‘Mormon Land’: Did Joseph Smith use a ‘seer stone’ or other ‘interpreters’ to translate the Book of Mormon?

New volume maintains the traditional story about a “urim and thummim” is the more plausible theory.

(The Church of Jesus Christ of Latter-day Saints) An actor portraying the Prophet Joseph Smith in the church's 2005 movie, "Joseph Smith: The Prophet of the Restoration" examines gold plates containing the Book of Mormon.

The question of just how church founder Joseph Smith produced the faith’s signature scripture, the Book of Mormon, continues to be debated.

Did Smith “translate” the Reformed Egyptian writing from gold plates or did he invent the story of a Hebrew civilization living in the ancient Americas who welcomed Jesus Christ after his crucifixion in Jerusalem?

In recent years, the scholarly consensus in The Church of Jesus Christ of Latter-day Saints seems to be that Smith produced most of the text using a “seer stone” in a hat, where words somehow appeared on the revelatory rock, without really referring to the plates.

(Rick Bowmer AP) A picture of a smooth, brown, egg-size rock is shown in the printer's manuscript of the Book of Mormon after a news conference in 2015, at The Church of Jesus Christ of Latter-day Saints Church History Library, in Salt Lake City.
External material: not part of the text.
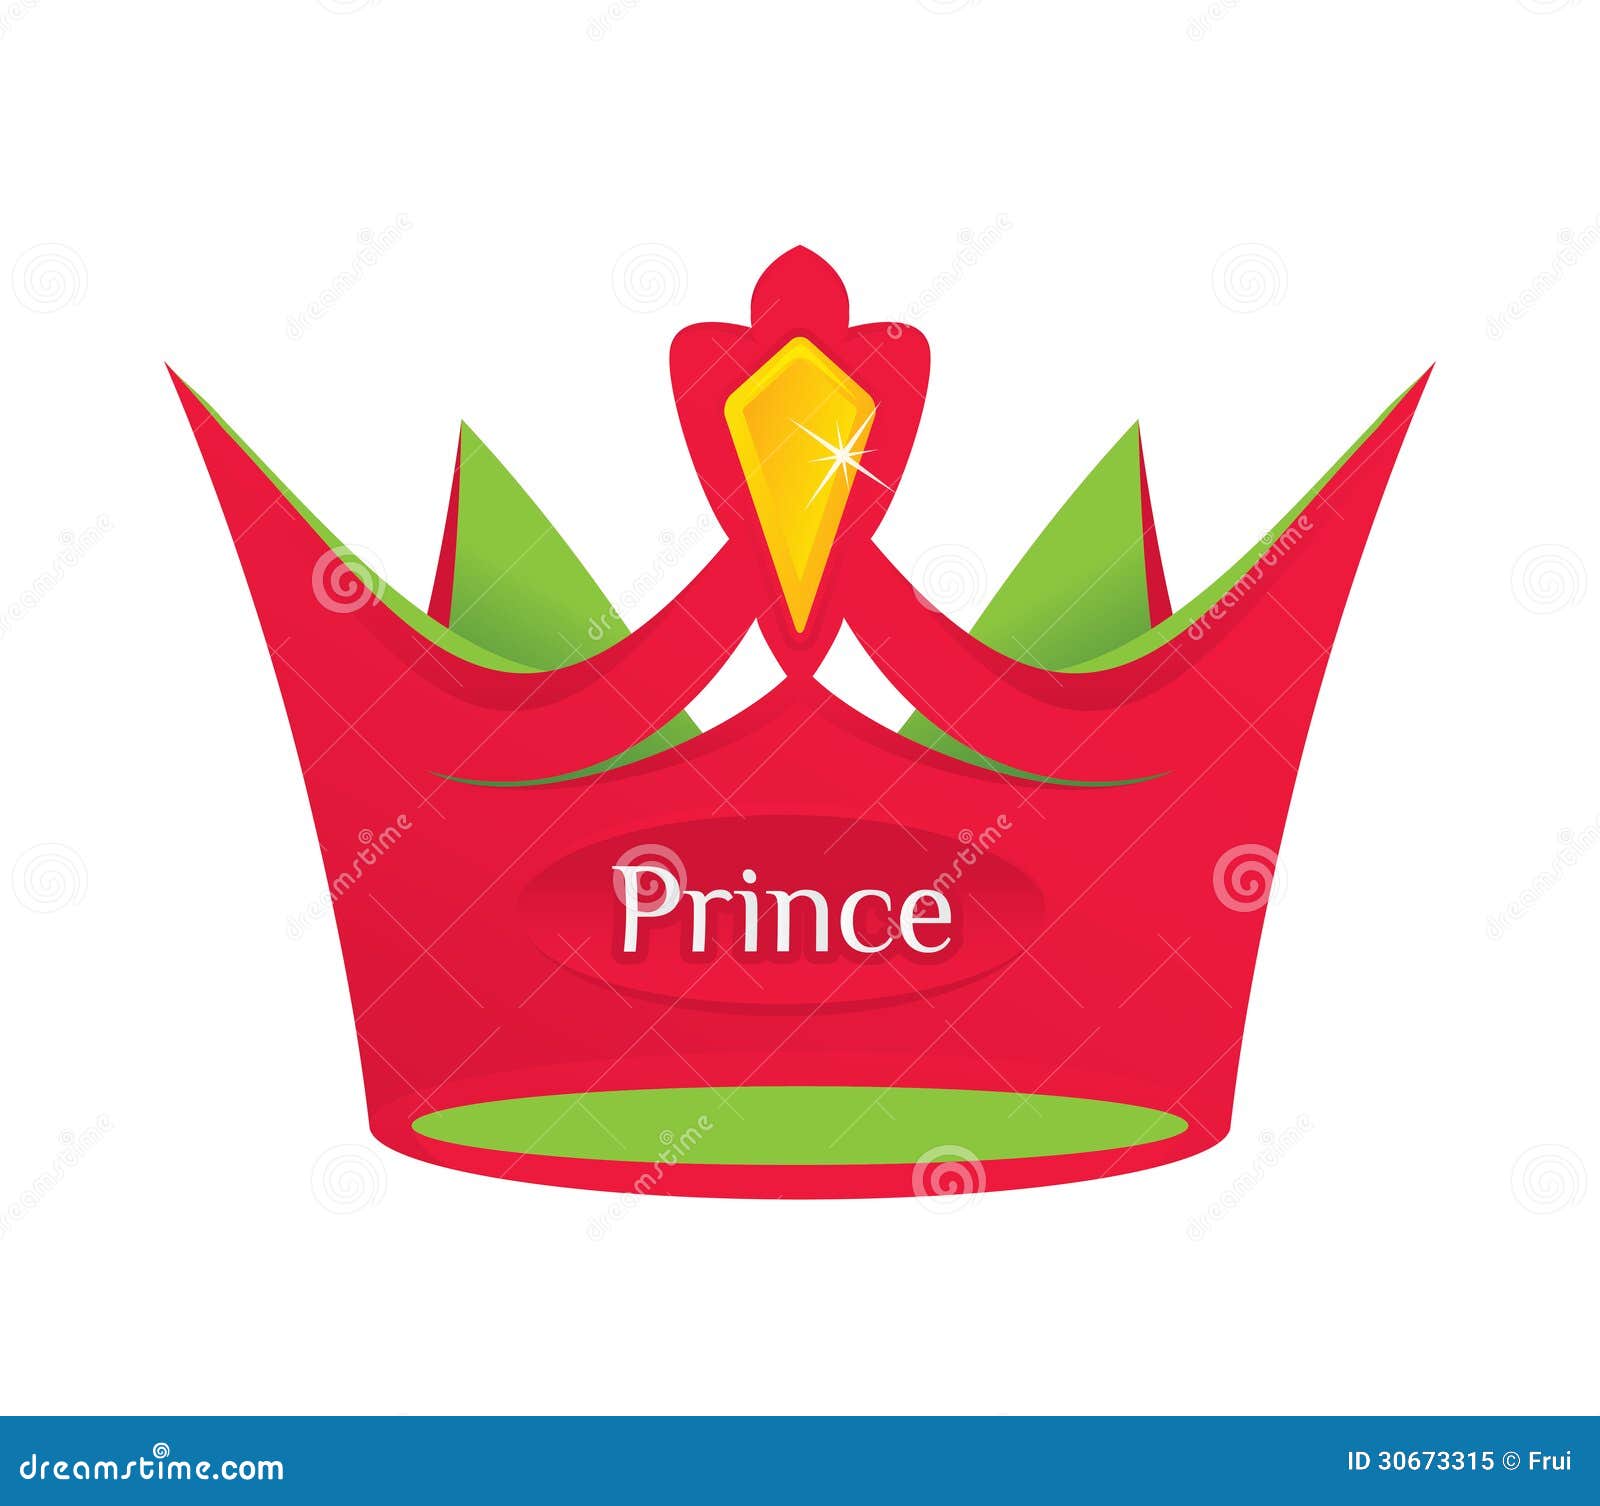 Prince Crown Images  Free Download on Freepik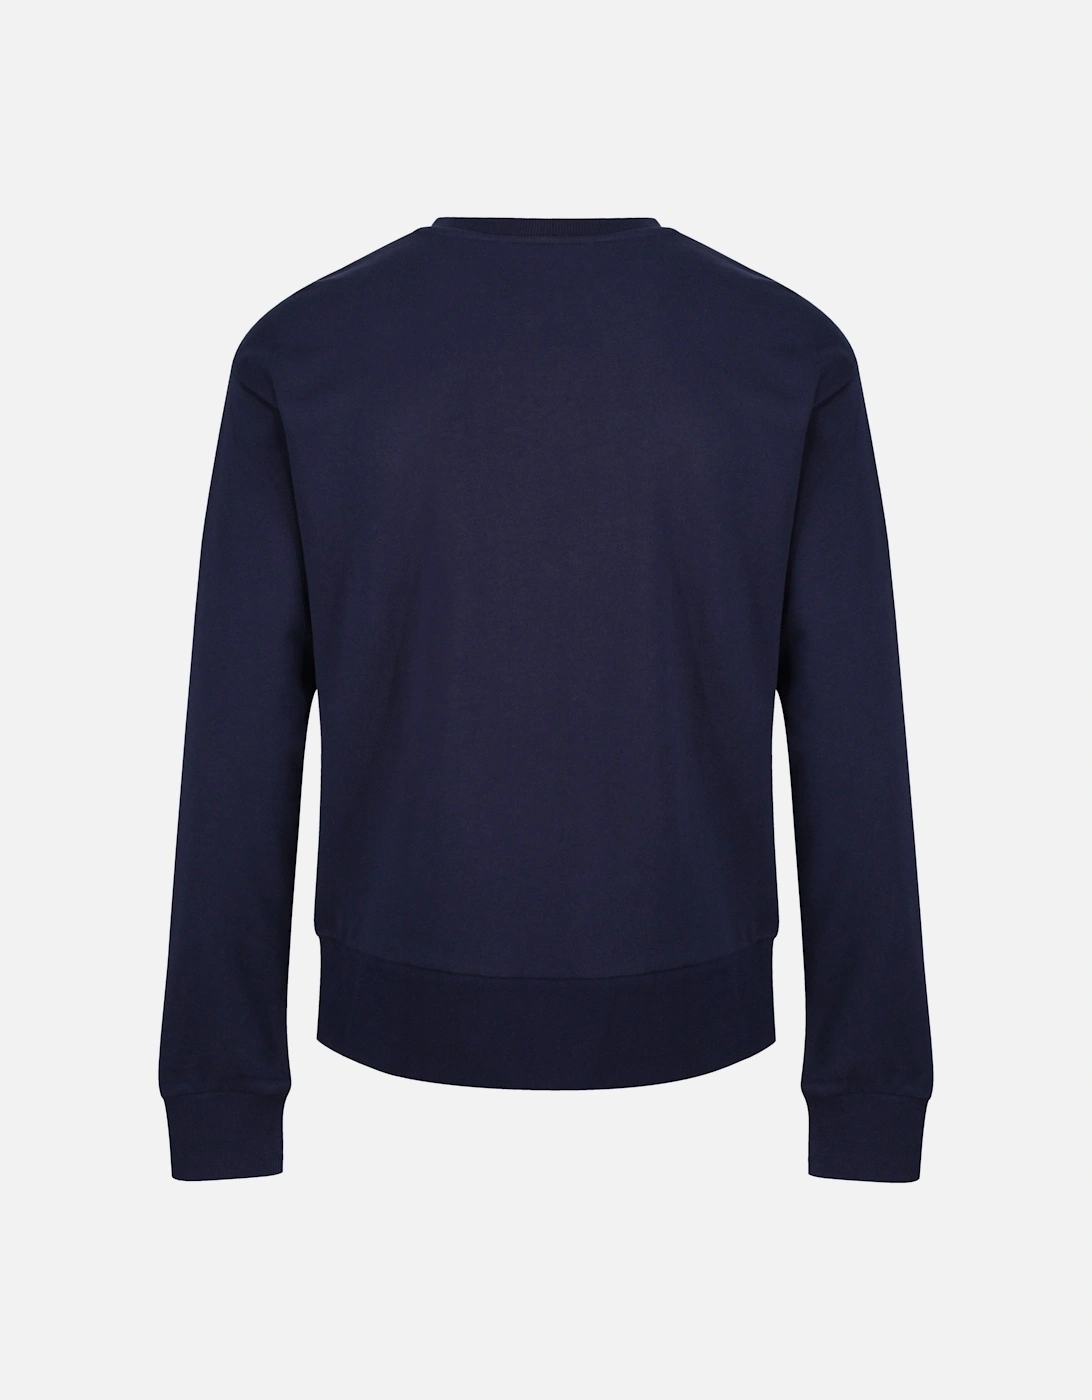 Neil Knitted Rib Cuff Sweatshirt | Navy

The church published photos of a small sacred stone it believes founder Joseph Smith used to help translate its signature scripture.

In a forthcoming book, titled “By Means of the Urim and Thummim: Restoring Translation to the Restoration,” authors James Lucas and Jonathan Neville argue that the evidence for the seer stone is “inconsistent and unreliable.” Instead, they believe the traditional theory that Smith used “interpreters” called the urim and thummim, which the first Latter-day Saint prophet described as “two transparent stones set in the rim of a bow fastened to a breastplate.”

On this week’s show, Lucas discusses why he and his co-writer believe their theory is correct.